Beschluss vom 28.05.2009 -
BVerwG 6 PB 11.09ECLI:DE:BVerwG:2009:280509B6PB11.09.0

  • Zitiervorschlag

    BVerwG, Beschluss vom 28.05.2009 - 6 PB 11.09 - [ECLI:DE:BVerwG:2009:280509B6PB11.09.0]

Beschluss

BVerwG 6 PB 11.09

  • OVG Bautzen - 26.01.2009 - AZ: OVG PL 9 A 470/08 -
  • Sächsisches OVG - 26.01.2009 - AZ: OVG PL 9 A 470/08

In der Personalvertretungssache hat der 6. Senat des Bundesverwaltungsgerichts
am 28. Mai 2009
durch die Richter am Bundesverwaltungsgericht Büge, Vormeier und Dr.
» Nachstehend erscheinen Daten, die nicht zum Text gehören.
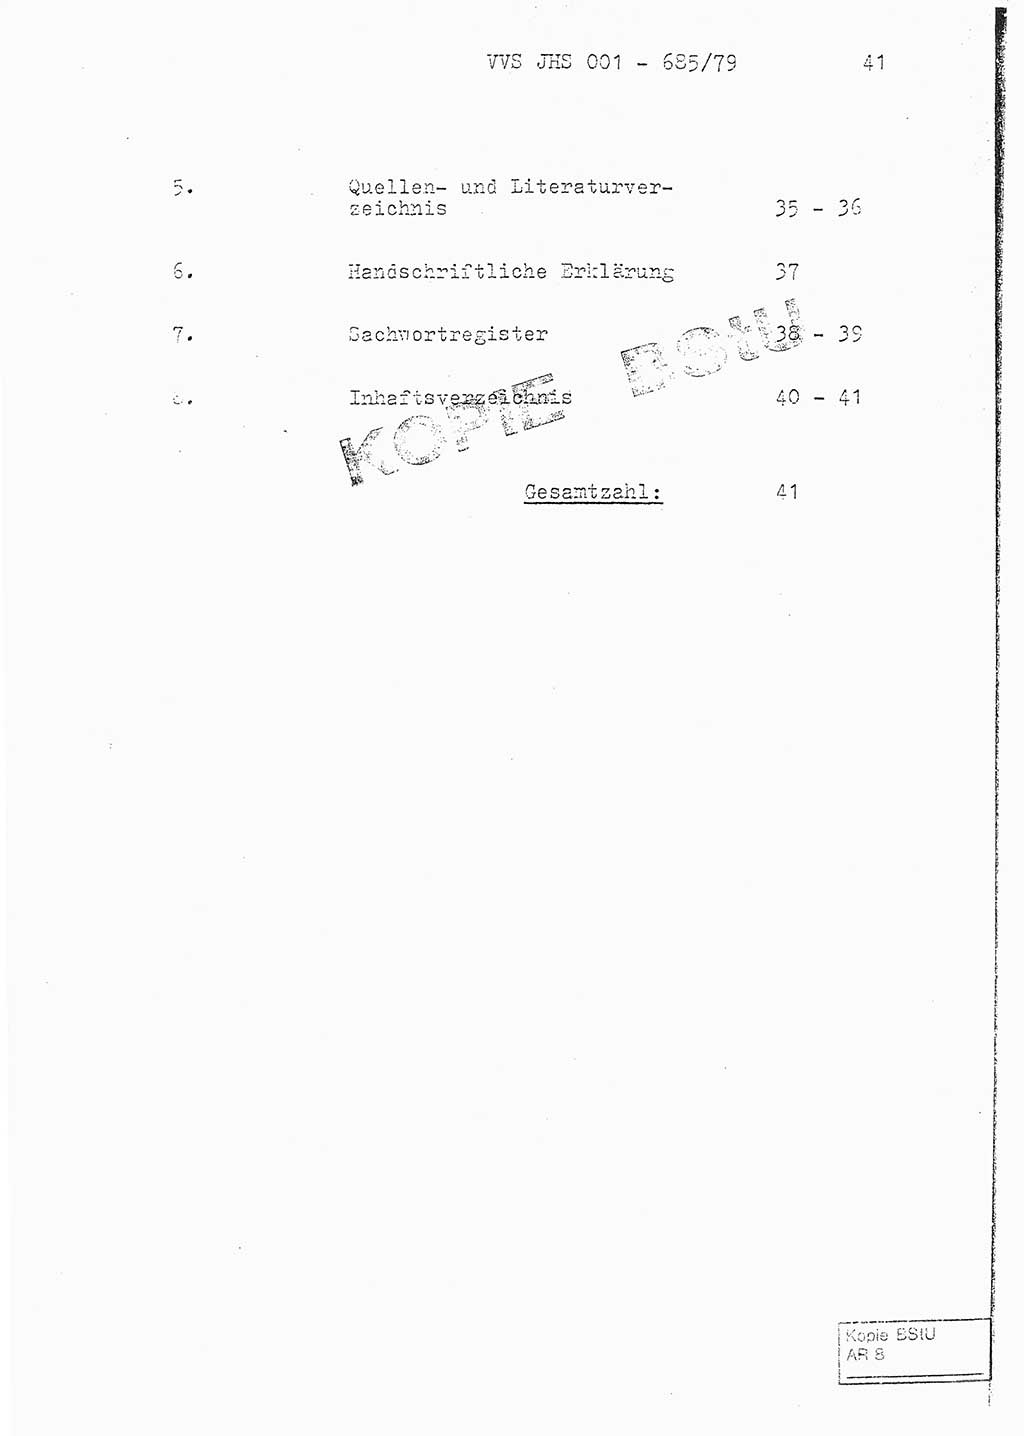 Fachschulabschlußarbeit Oberleutnant Helmut Peckruhn (BV Bln. Abt. ⅩⅣ), Ministerium für Staatssicherheit (MfS) [Deutsche Demokratische Republik (DDR)], Juristische Hochschule (JHS), Vertrauliche Verschlußsache (VVS) 001-685/79, Potsdam 1979, Seite 41 (FS-Abschl.-Arb. MfS DDR JHS VVS 001-685/79 1979, S. 41)
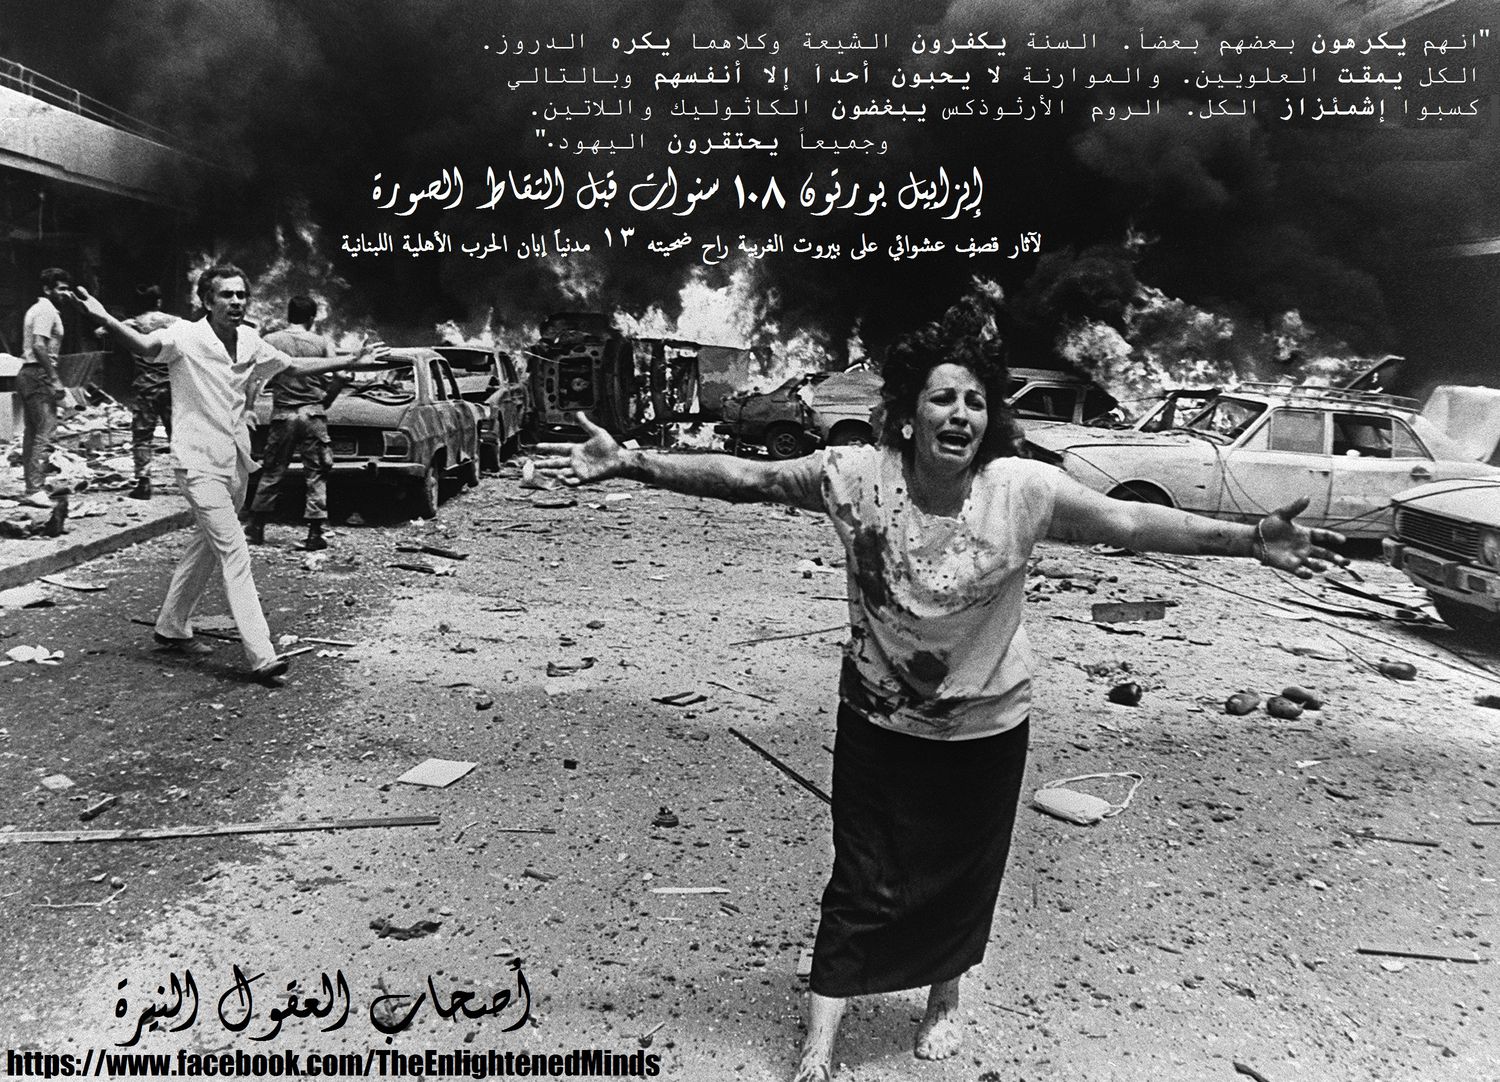 الحرب اللبنانية 1975 - 1990

Möller
beschlossen:

Die Beschwerde des Beteiligten zu 1 gegen die Nichtzulassung der Rechtsbeschwerde im Beschluss des Sächsischen Oberverwaltungsgerichts vom 26. Januar 2009 wird zurückgewiesen.

Gründe

1 Die Beschwerde des Beteiligten zu 1 gegen die Nichtzulassung der Rechtsbeschwerde durch das Oberverwaltungsgericht gemäß § 88 Abs. 2 Satz 1 SächsPersVG i.V.m. § 92a Satz 1 ArbGG hat keinen Erfolg.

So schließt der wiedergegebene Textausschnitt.